I was startled at the light tone of this conversation, given the symbolism of the bulldozer for the Palestinian people since 1967. Today was not the first time this machine was used as an instrument of murder. A bulldozer killed Jamal Fayad of Jenin refugee camp in his home in 2002, and there are many more incidents of similar fatalities in the West Bank and Gaza. A bulldozer infamously killed Rachel Corrie, an American volunteer in Rafah in 2003.

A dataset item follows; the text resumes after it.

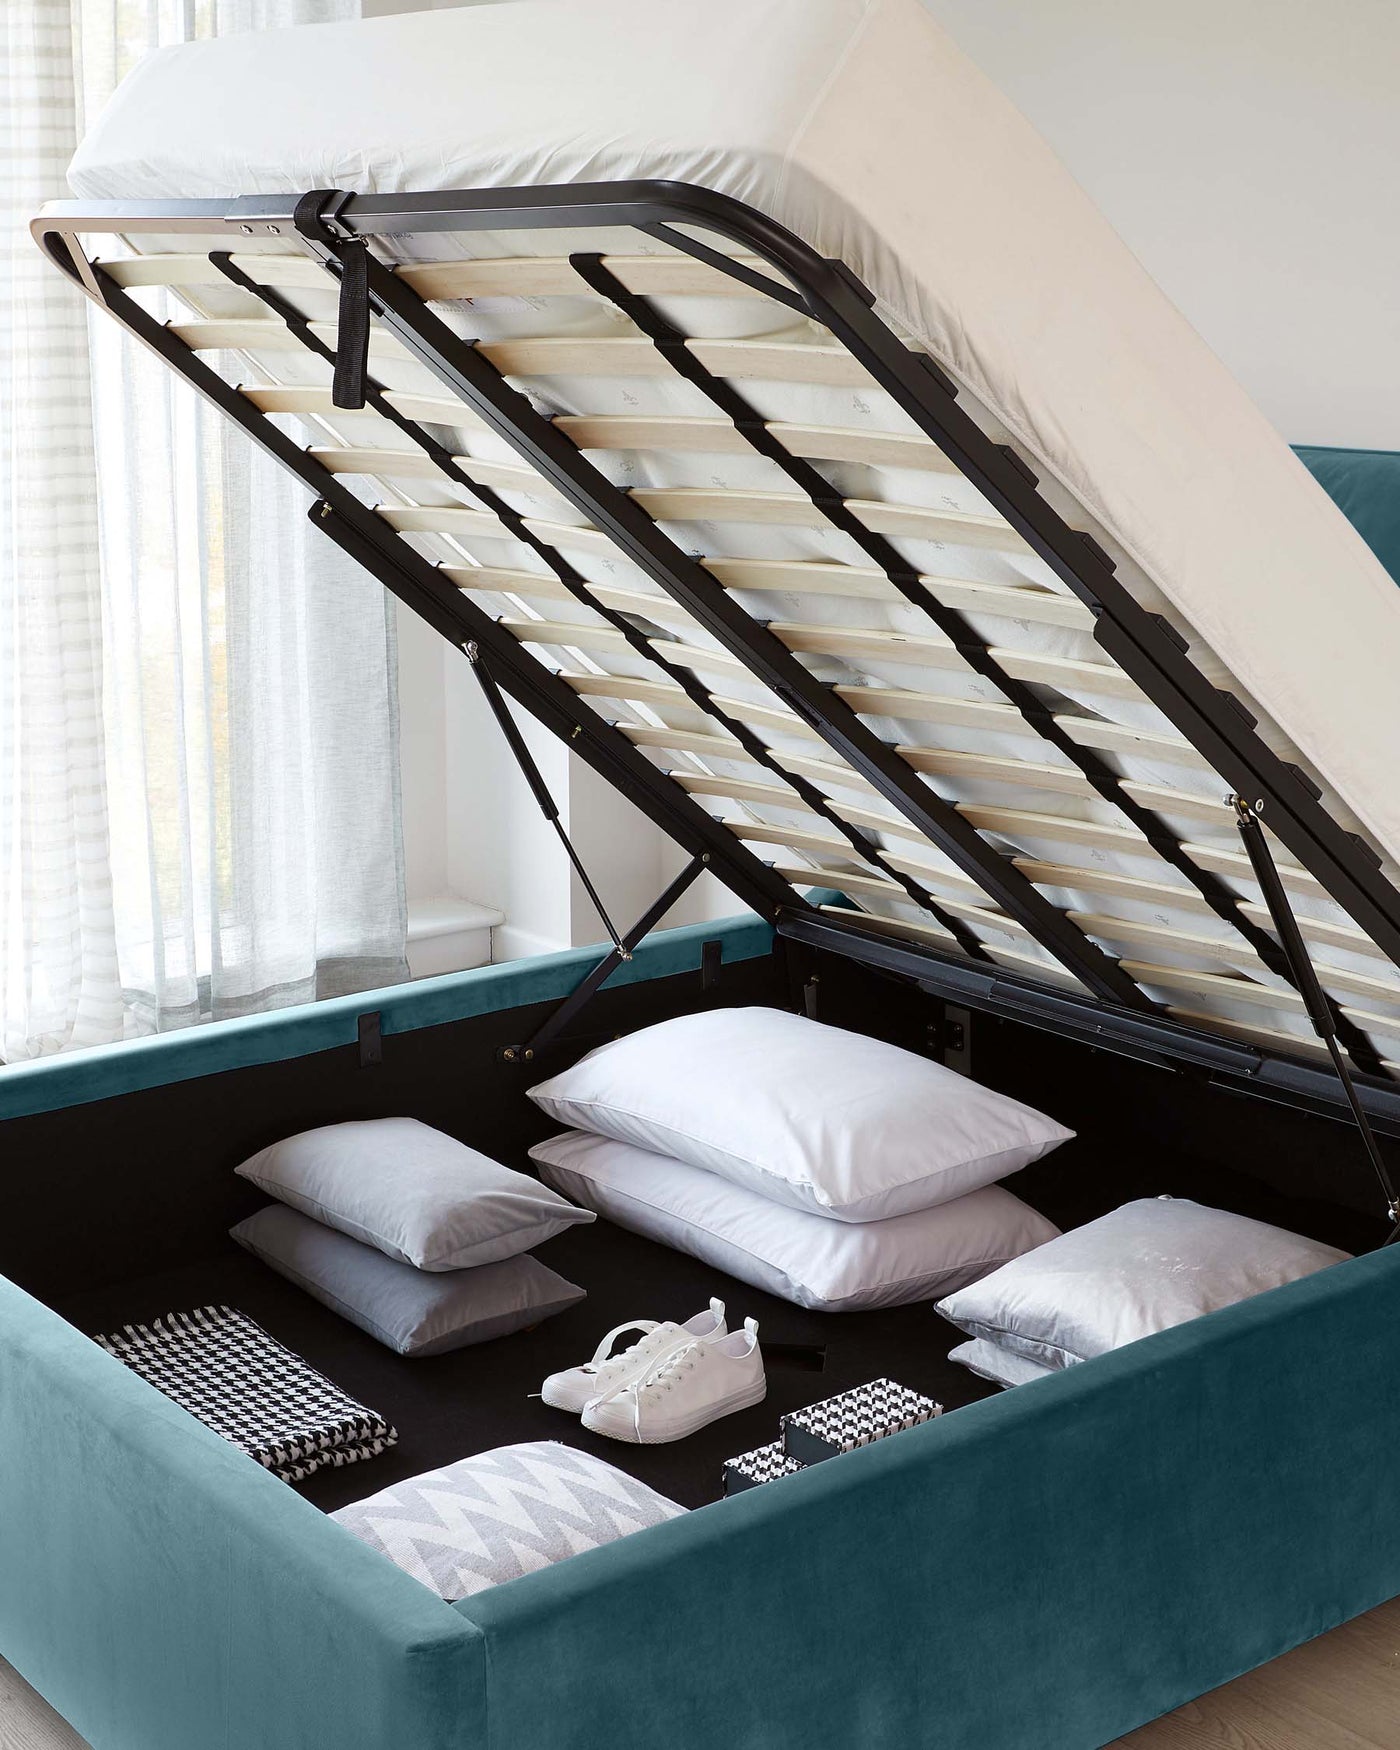 An upholstered storage bed with the mattress lifted to reveal a spacious interior compartment. The bed frame is finished in a teal fabric, complementing the contemporary design. The slatted mattress base is held open by a metal lifting mechanism, showcasing an organized storage space filled with pillows and personal items.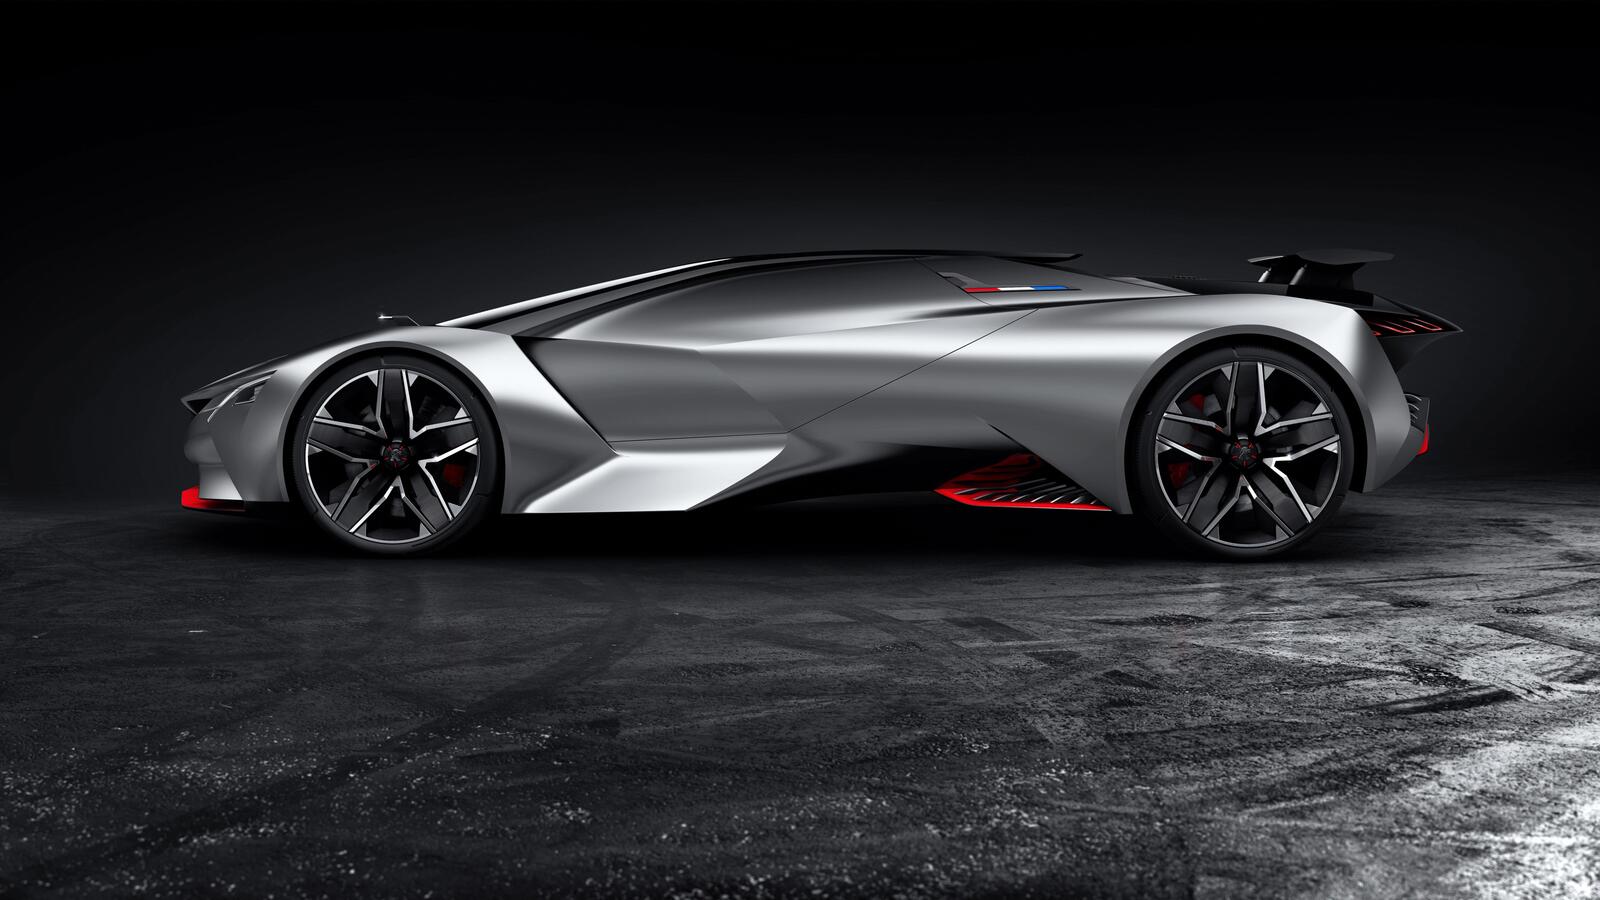 Wallpapers Peugeot cars concept cars on the desktop

B’Tselem and the Israeli Committee Against House Demolitions document the use of bulldozers in violation of the human rights of Palestinians. House demolitions as retribution or as a deterrent are a form of collective punishment. This policy is therefore against international law, but has been used in the Occuped Palestinian Territories. The complexity of the issue of house demolitions was recently broken down for the novice by Seth Freedman in the Guardian. There have been many international calls to boycott the Caterpillar company for being complicit in the policies of an illegal occupation. Poetic justice may have become a bit too complex for the Defense Minister to handle.

The question posed by Prime Minister Olmert about Israel’s deterrence policy as it applies to East Jerusalemites, to demolish or not to demolish, brings up the much more complex issue that today’s attack has brought into high resolution: how does Israel feel about its Palestinian citizens and those whose ID cards allow them to move freely anywhere inside the Green Line?* Uncomfortable, uneasy. The phrase “fifth column” is often whispered and sometimes shouted. After I took a moment to pray for those who were injured or lost their lives today, my thoughts turned to my friends in East Jerusalem. Will they be able to go to work, to travel? Will students registered for summer camps or activities in West Jerusalem be able to attend? What additional security measures will they face? The Prime Minister of Israel today referred to the “potential terrorists” in their midst: will they be viewed with a renewed suspicion?

What happened in Jerusalem today? A nightmare. A bulldozer, the monster beneath the collective Palestinian-Israeli bed, came alive and turned on civilians. A horrific act of violence that is unjust, unpoetic. And so is the reaction of certain members of the Israeli government.

*The East Jerusalem ID and the regular Israeli ID differ slightly with regard to voting rights and international travel.